Adding new group `test' (1000) ...
Adding new user `test' (1000) with group `test' ...
Creating home directory `/home/test' ...
Copying files from `/etc/skel' ...
New password:
Retype new password:
passwd: password updated successfully
Changing the user information for test
Enter the new value, or press ENTER for the default
Full Name []:
Room Number []:
Work Phone []:
Home Phone []:
Other []:
Is the information correct? [Y/n] Y
I switch to this new user :
root#163974703e4c:/# su test
test#163974703e4c:/$ id
uid=1000(test) gid=1000(test) groups=1000(test)
As I have a user other than root, he has on my host a subuid. My /etc/subuid:
user:100000:65536
Therefore I put an acl on my dbus socket to allow my sub user to use the socket:
host$ sudo setfacl -R -m u:100999:rwx /run/dbus/system_bus_socket
So I have the DBus socket with an access to this socket in the container:
test#163974703e4c:/$ ls -lan /run/dbus/system_bus_socket
srw-rwxrw-+ 1 65534 65534 0 Dec 9 17:46 /run/dbus/system_bus_socket
test#163974703e4c:/$ getfacl /run/dbus/system_bus_socket
getfacl: Removing leading '/' from absolute path names
# file: run/dbus/system_bus_socket
# owner: nobody
# group: nogroup
user::rw-
user:test:rwx
group::rw-
mask::rwx
other::rw-
I test the command dbus-monitor --system but I have this output :
$ dbus-monitor --system
Failed to open connection to system bus: Did not receive a reply. Possible causes include: the remote application did not send a reply, the message bus security policy blocked the reply, the reply timeout expired, or the network connection was broken.
Can you help me please?
I tried to launch my container in privileged mode, with --add-cap ALL, but I still get this error message.

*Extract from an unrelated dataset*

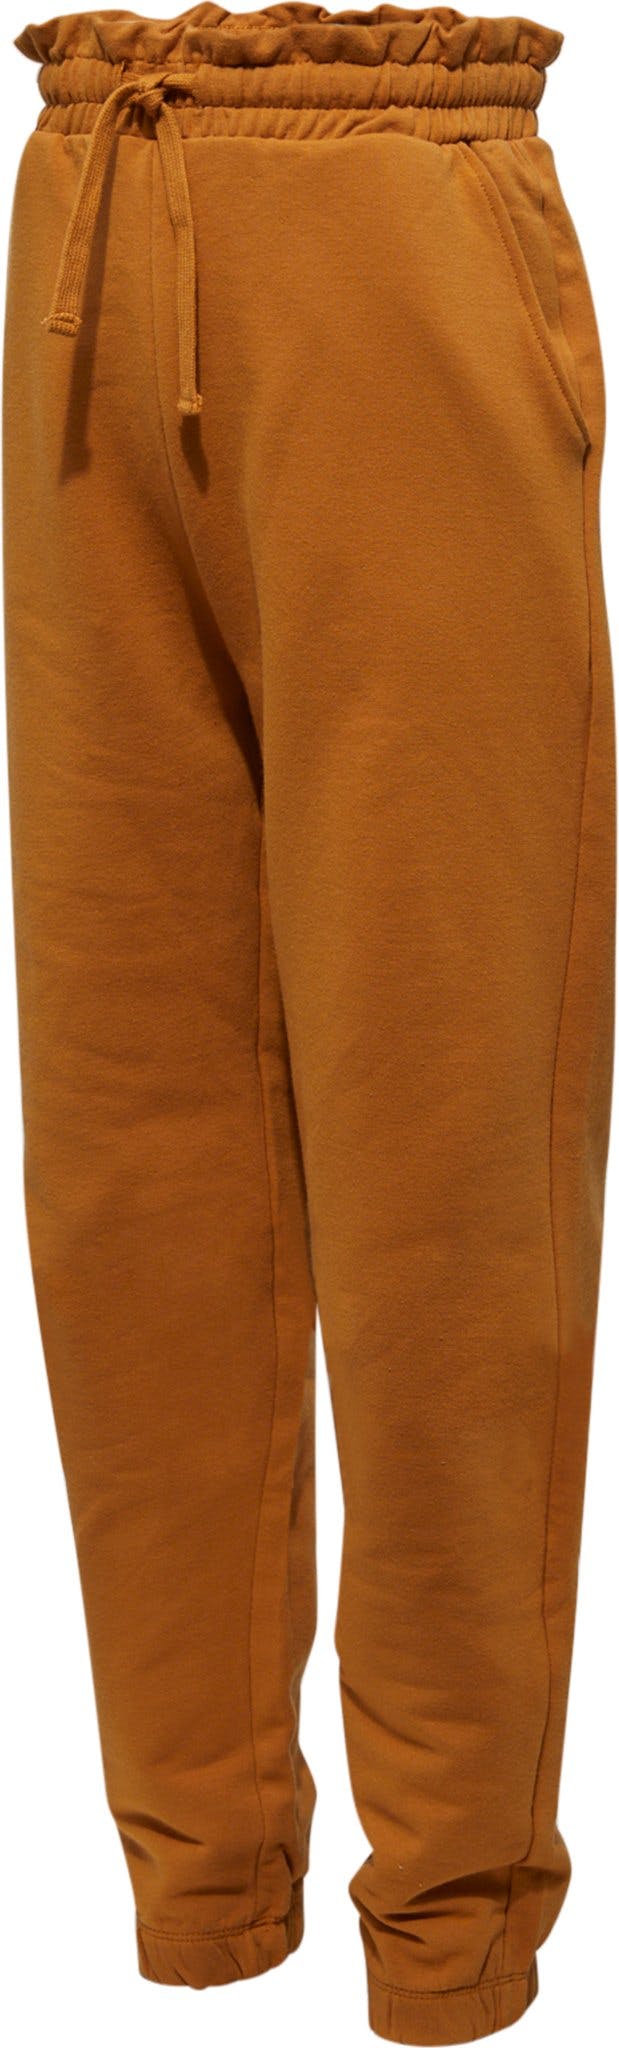 Numéro de l'image de la galerie de produits 2 pour le produit Pantalon en tricot - Fille

I tried to use strace to show all system call nothing more information :
prctl(PR_CAPBSET_READ, CAP_MAC_OVERRIDE) = 0
prctl(PR_CAPBSET_READ, 0x30 /* CAP_??? */) = -1 EINVAL (Invalid argument)
prctl(PR_CAPBSET_READ, CAP_CHECKPOINT_RESTORE) = 0
prctl(PR_CAPBSET_READ, 0x2c /* CAP_??? */) = -1 EINVAL (Invalid argument)
prctl(PR_CAPBSET_READ, 0x2a /* CAP_??? */) = -1 EINVAL (Invalid argument)
prctl(PR_CAPBSET_READ, 0x29 /* CAP_??? */) = -1 EINVAL (Invalid argument)
getresuid([1000], [1000], [1000]) = 0
getresgid([1000], [1000], [1000]) = 0
socket(AF_UNIX, SOCK_STREAM|SOCK_CLOEXEC, 0) = 3
connect(3, {sa_family=AF_UNIX, sun_path="/run/dbus/system_bus_socket"}, 29) = 0
fcntl(3, F_GETFL) = 0x2 (flags O_RDWR)
fcntl(3, F_SETFL, O_RDWR|O_NONBLOCK) = 0
geteuid() = 1000
getsockname(3, {sa_family=AF_UNIX}, [128 => 2]) = 0
poll([{fd=3, events=POLLOUT}], 1, 0) = 1 ([{fd=3, revents=POLLOUT}])
sendto(3, "\0", 1, MSG_NOSIGNAL, NULL, 0) = 1
sendto(3, "AUTH EXTERNAL 31303030\r\n", 24, MSG_NOSIGNAL, NULL, 0) = 24
poll([{fd=3, events=POLLIN}], 1, -1) = 1 ([{fd=3, revents=POLLIN}])
read(3, "REJECTED EXTERNAL\r\n", 2048) = 19
close(3) = 0
write(2, "Failed to open connection to sys"..., 252Failed to open connection to system bus: Did not receive a reply. Possible causes include: the remote application did not send a reply, the message bus security policy blocked the reply, the reply timeout expired, or the network connection was broken.
) = 252
exit_group(1) = ?
+++ exited with 1 +++
I want to get the same output as on my host in my container :
dbus-monitor --system
dbus-monitor: unable to enable new-style monitoring: org.freedesktop.DBus.Error.AccessDenied: "Rejected send message, 1 matched rules; type="method_call", sender=":1.544" (uid=1000 pid=32723 comm="dbus-monitor --system" label="unconfined") interface="org.freedesktop.DBus.Monitoring" member="BecomeMonitor" error name="(unset)" requested_reply="0" destination="org.freedesktop.DBus" (bus)". Falling back to eavesdropping.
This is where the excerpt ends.